At the time of the fire, Daniel was hallucinating, suicidal and seemingly out of touch with reality. Assuming that highly-skilled therapists aren’t easy to find in the zombie apocalypse, how on Earth did Daniel come back from such a dark place in time to escape the fire he had seemed so intent on lighting only moments earlier? Sure, Fear The Walking Dead wouldn’t be the first show to play fast and loose with mental health – Rick’s phantom phone in The Walking Dead springs to mind – but it does, once again, undermine previous story lines.
Alas, regardless of whether or not if was the right thing to do, Daniel Salazar is back and it’ll be interesting to see where he fits into the current Fear The Walking Dead landscape. With Travis now out of the picture (or is he…?) there’s an adult male vacancy in the show’s protagonist group and it’ll also be intriguing to witness the tense relationship between Strand and Salazar in the coming episodes. Daniel also seemed to be on a similar page to group leader Madison and will perhaps be a better companion for her than her own husband, who was maybe unsuited to the new world.
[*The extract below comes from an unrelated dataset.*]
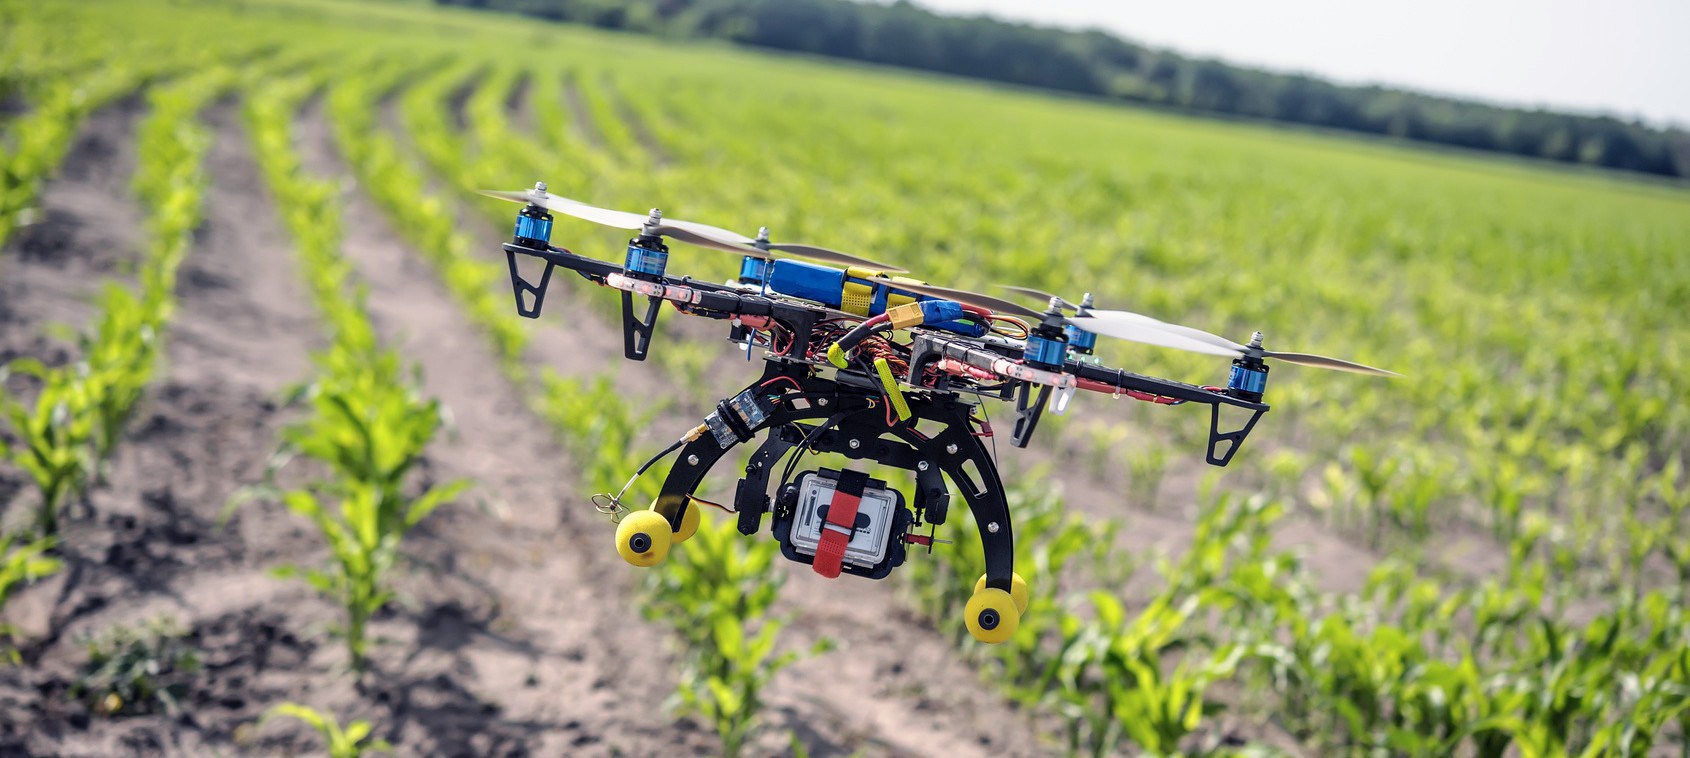 droni-in-agricoltura-banner.jpg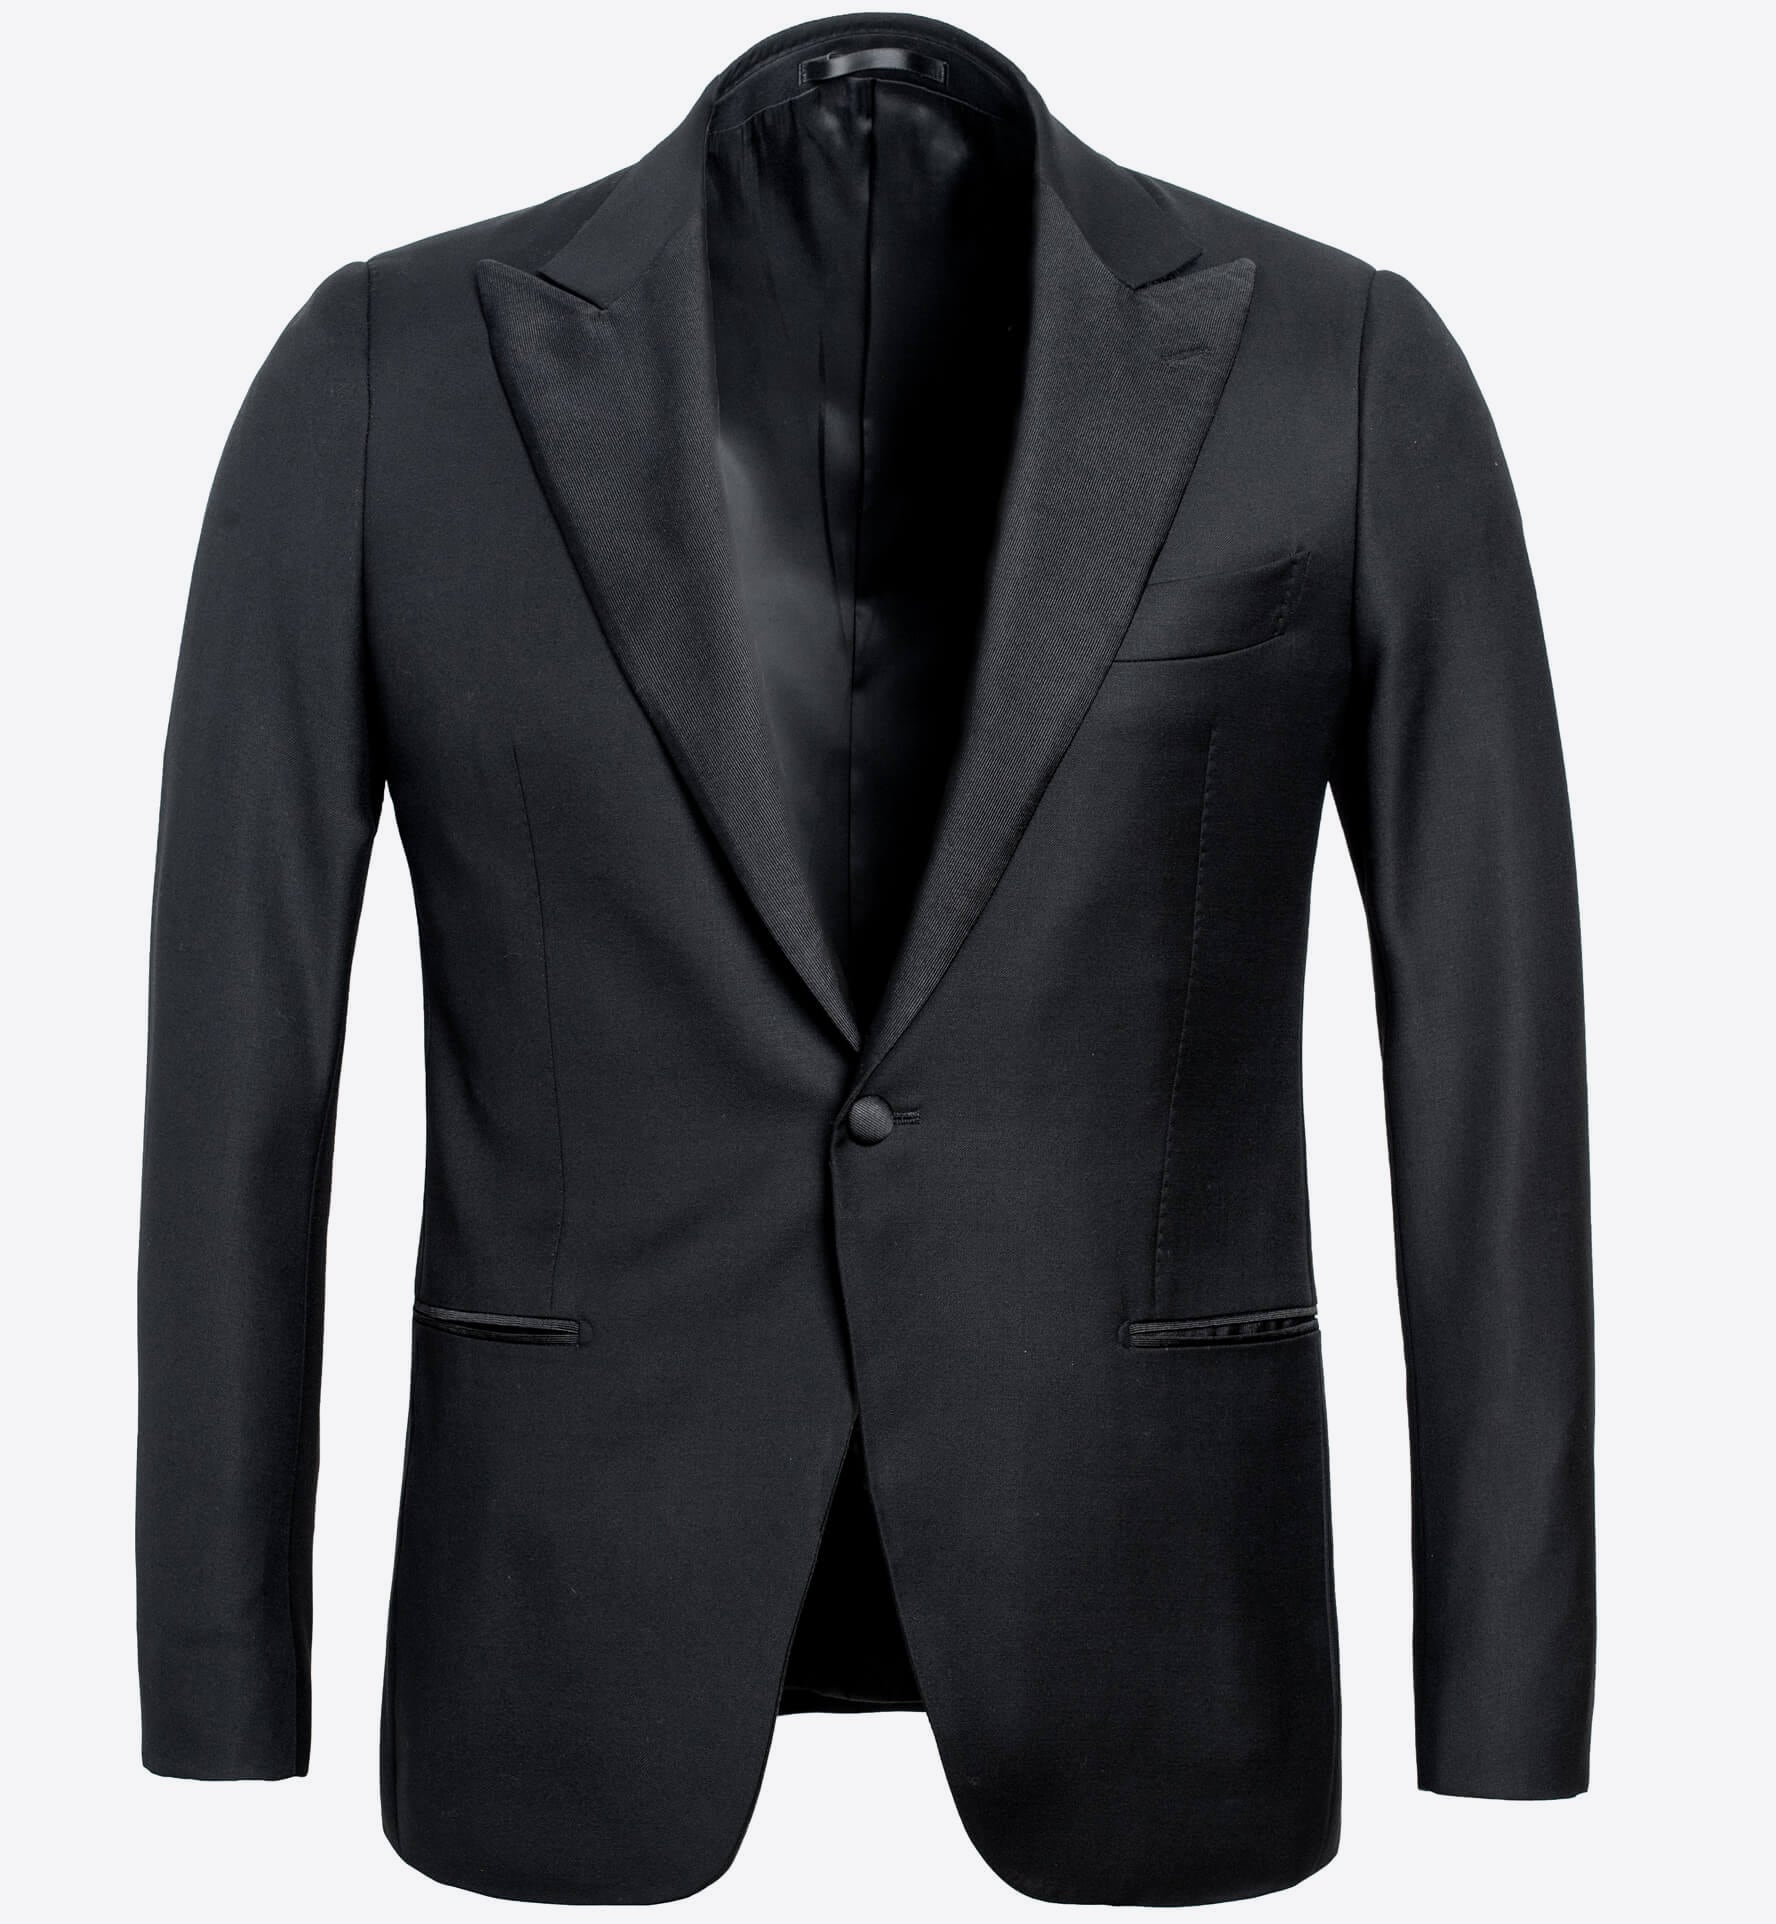 Mayfair Black Wool Tuxedo Jacket - Custom Fit Tailored Clothing

Eventually, of course, the entire group is likely to end up at the Otto ranch and once again, Daniel’s reaction to the compound could make for great material. Whilst he may find himself attracted to the Ottos’ religious foundations, his more skeptical nature will surely set alarm bells ringing, even if he, like Madison, recognizes the survival value in the ranch.
It’s also perhaps fair to say that Daniel Salazar is perhaps one of the better characters in a show that has struggled to create likeable protagonists and his return – and perhaps Travis’ exit – may indeed be an attempt to bring together the strongest, most compelling figures in the show as it heads toward a fourth season.
At least then, there are interesting routes for Daniel’s character to head down in this season of Fear The Walking Dead, even if the show’s approach to his false demise has been somewhat mishandled. Hopefully flashbacks will fill in some of these gaps, however, and turn what appears to be a poor decision into a somewhat justifiable one.
Fear The Walking Dead continues with ‘100’ June 18th on AMC.